Taking the line that contains "CLOSE UP OF" as the start and the last line of the data as the end, repeat exactly every line in that span, but no pictures.

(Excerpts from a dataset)

---*---

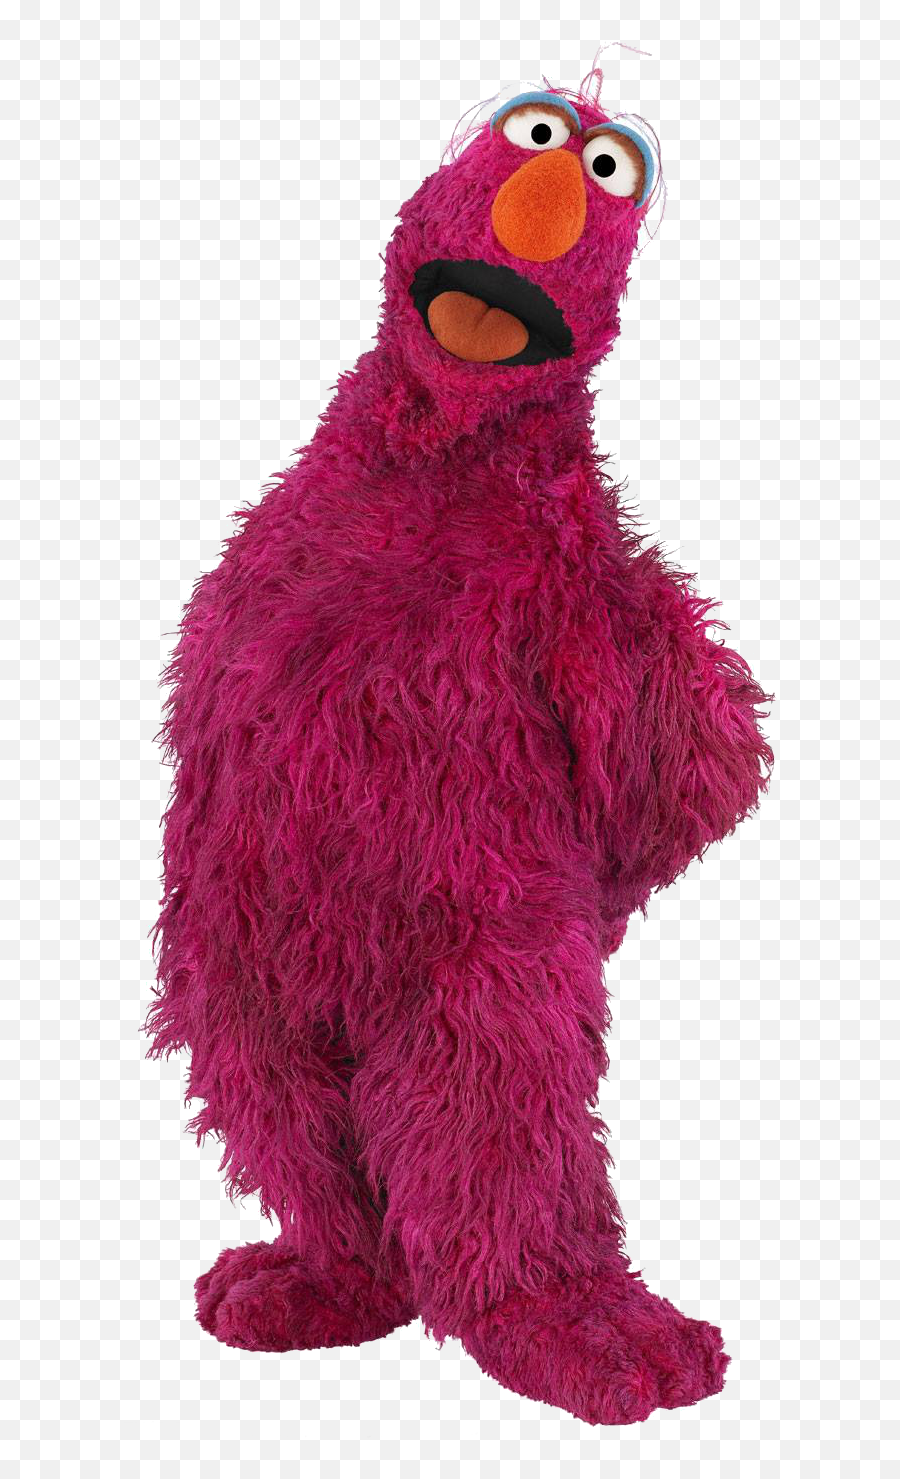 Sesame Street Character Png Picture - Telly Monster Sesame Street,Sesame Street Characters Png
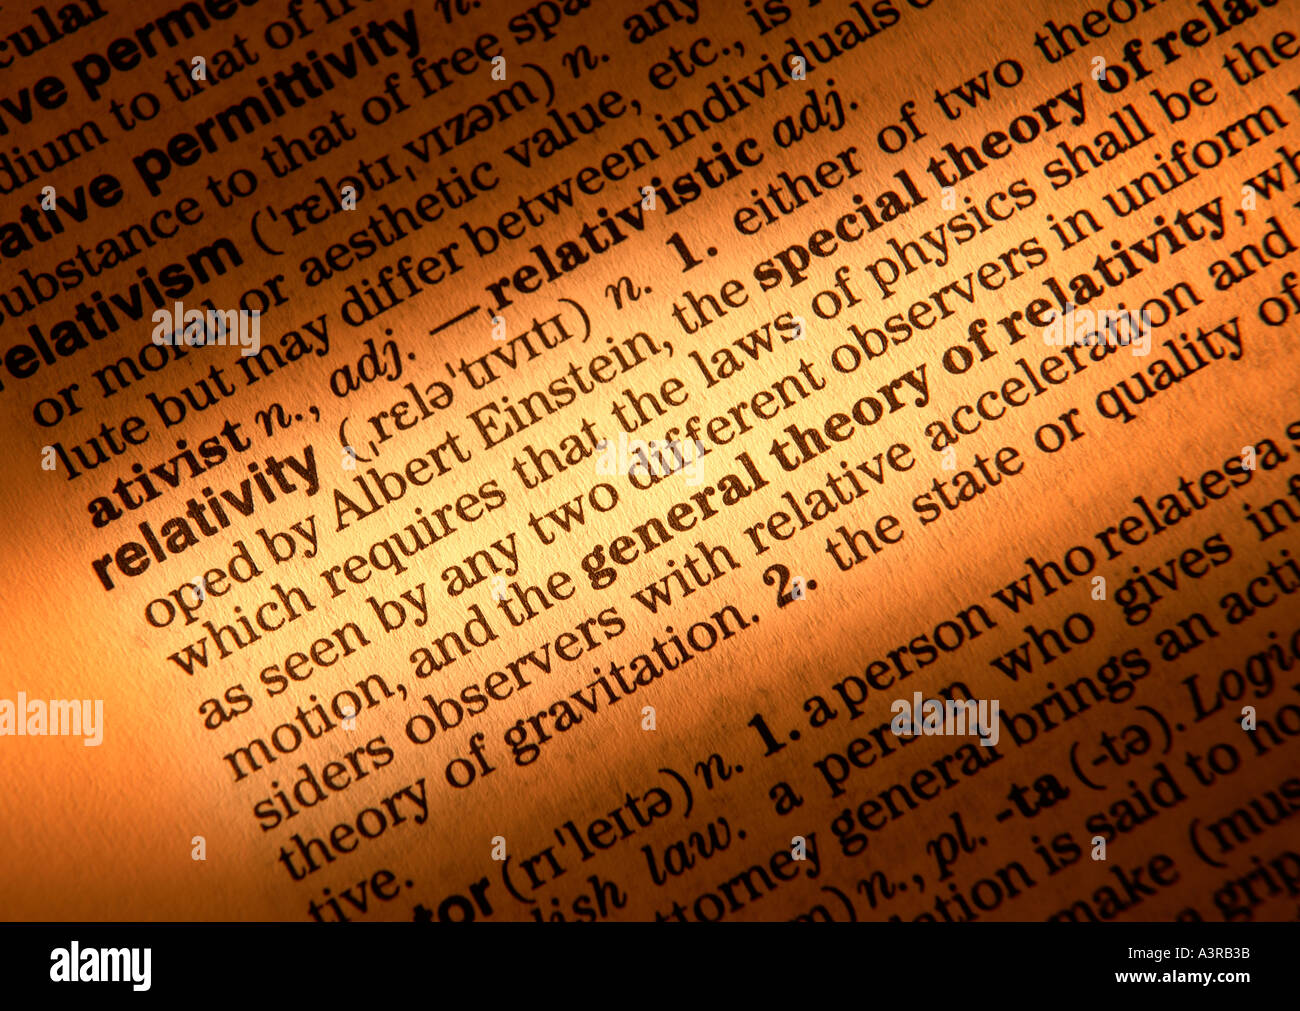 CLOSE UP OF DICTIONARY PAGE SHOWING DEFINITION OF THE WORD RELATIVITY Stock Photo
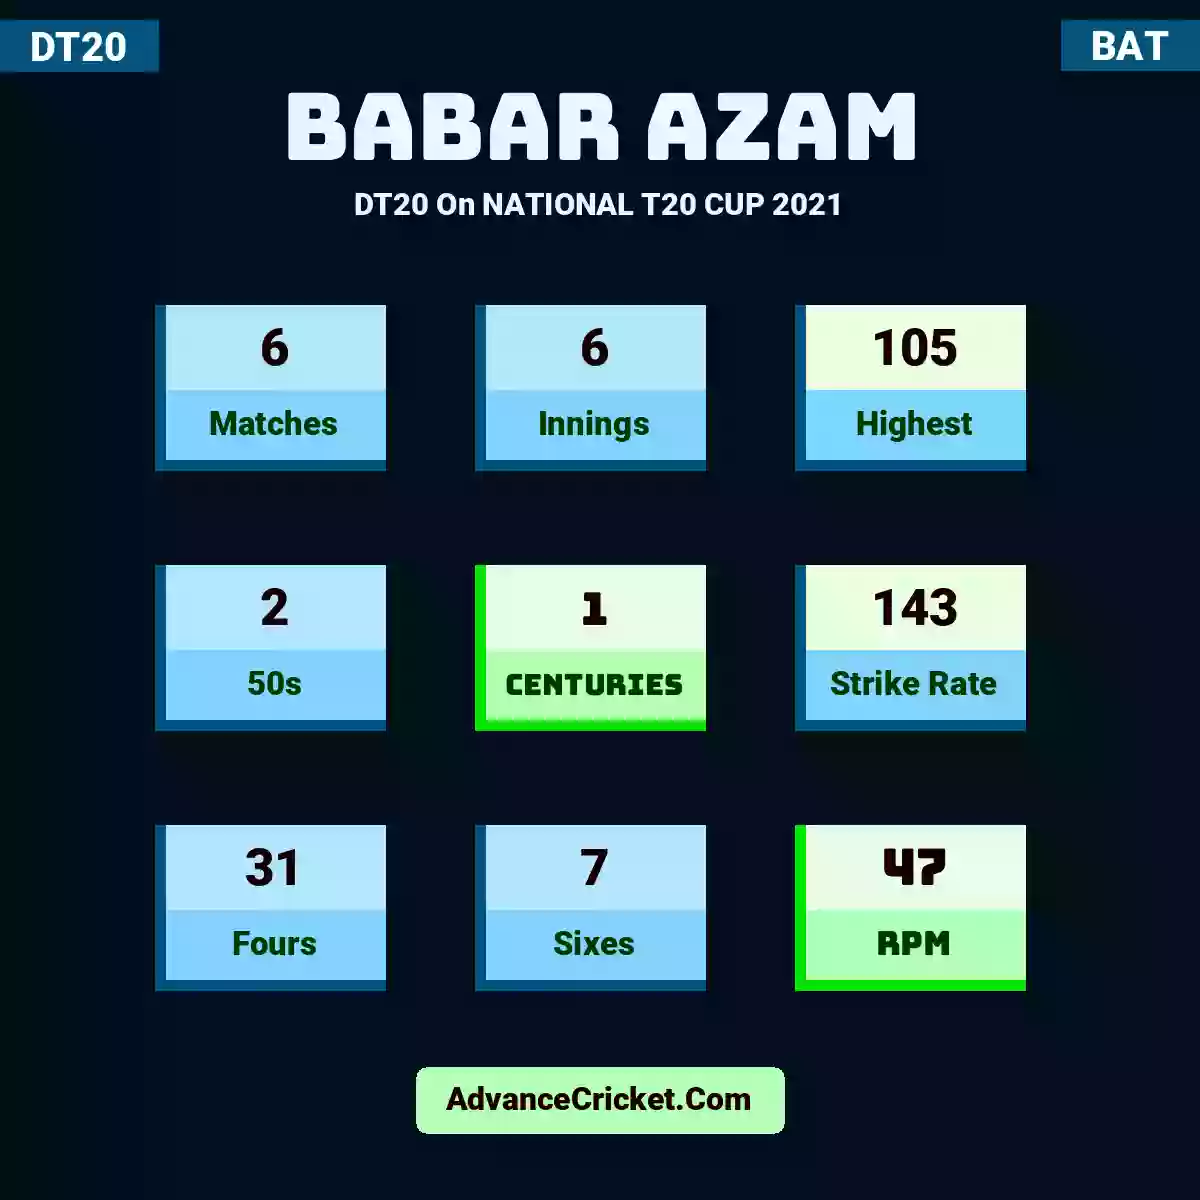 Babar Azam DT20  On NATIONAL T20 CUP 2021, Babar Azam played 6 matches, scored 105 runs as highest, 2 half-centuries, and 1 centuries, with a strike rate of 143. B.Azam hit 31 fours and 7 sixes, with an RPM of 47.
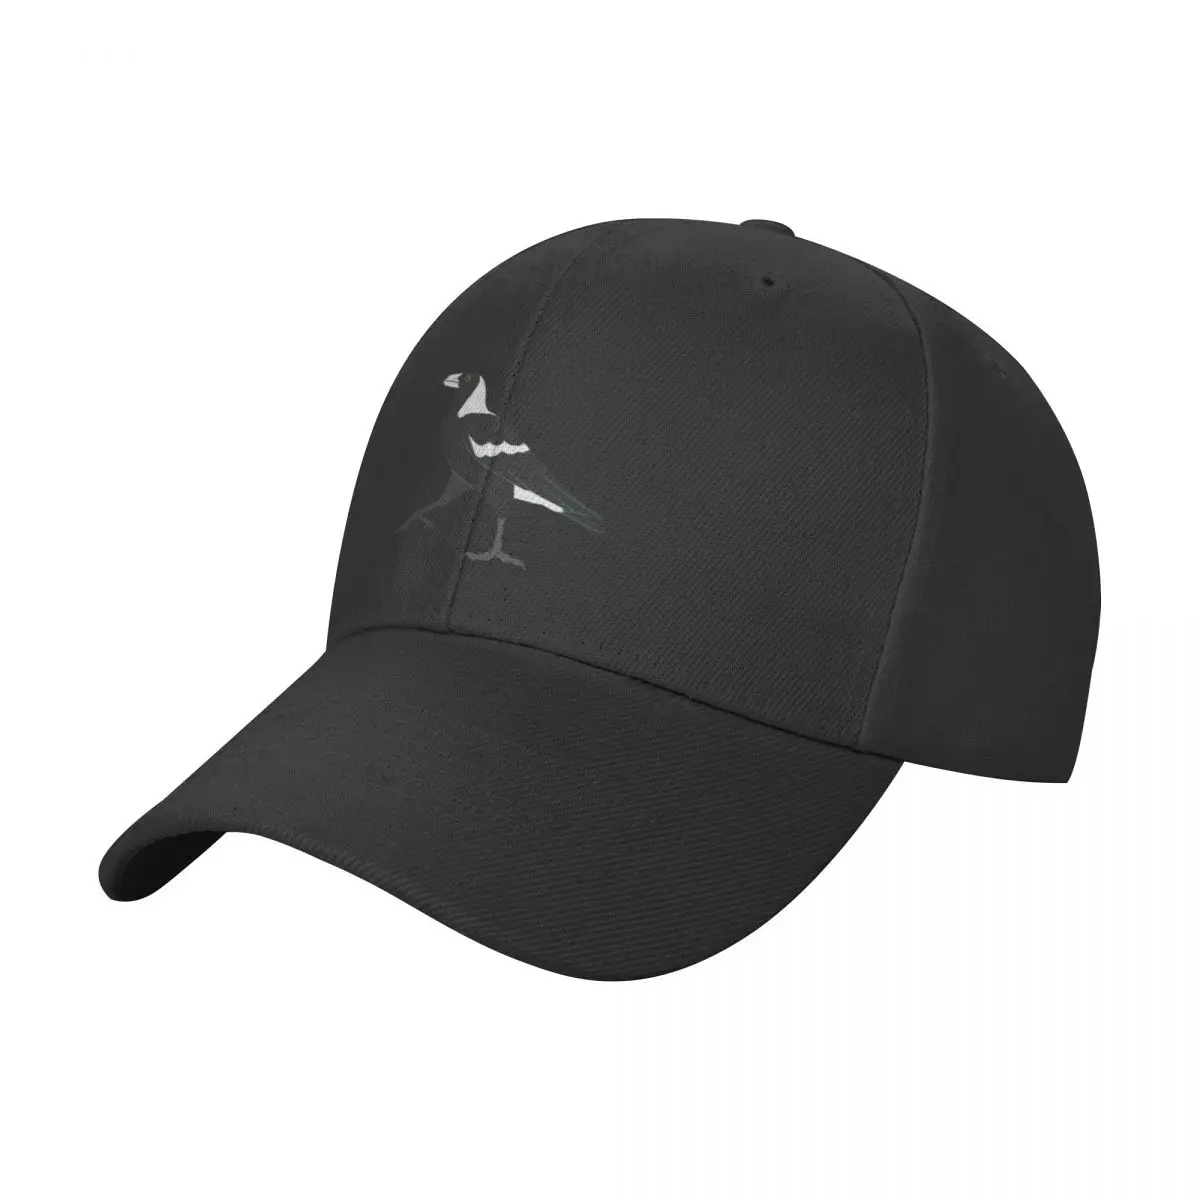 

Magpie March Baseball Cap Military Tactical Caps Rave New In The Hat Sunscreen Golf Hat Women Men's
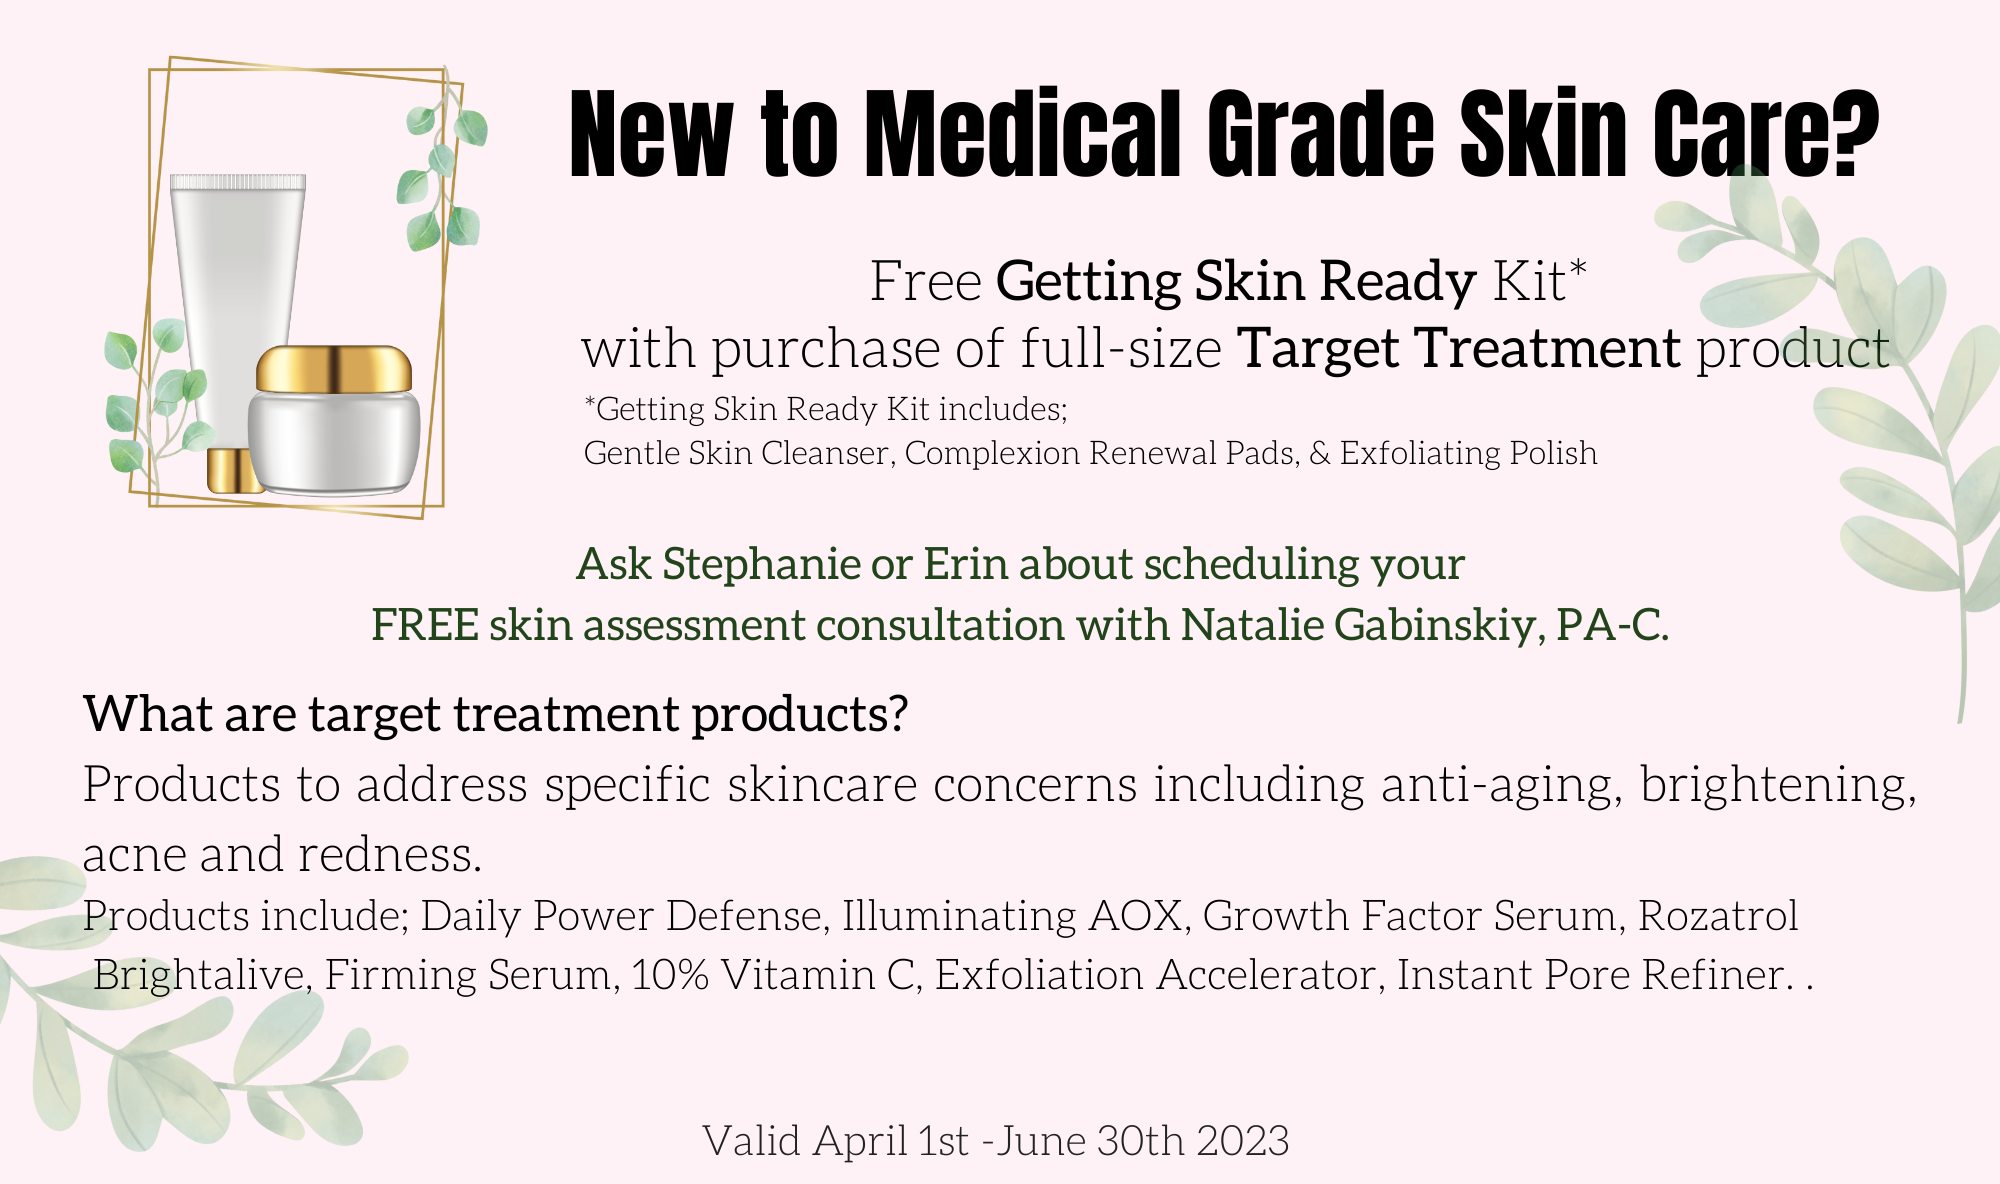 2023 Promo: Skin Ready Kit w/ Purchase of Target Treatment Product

---*---

EXERCISE RESPONSE:
 CLOSE UP OF DICTIONARY PAGE SHOWING DEFINITION OF THE WORD RELATIVITY Stock Photo
 Babar Azam DT20  On NATIONAL T20 CUP 2021, Babar Azam played 6 matches, scored 105 runs as highest, 2 half-centuries, and 1 centuries, with a strike rate of 143. B.Azam hit 31 fours and 7 sixes, with an RPM of 47.

Magpie March Baseball Cap Military Tactical Caps Rave New In The Hat Sunscreen Golf Hat Women Men's
 2023 Promo: Skin Ready Kit w/ Purchase of Target Treatment Product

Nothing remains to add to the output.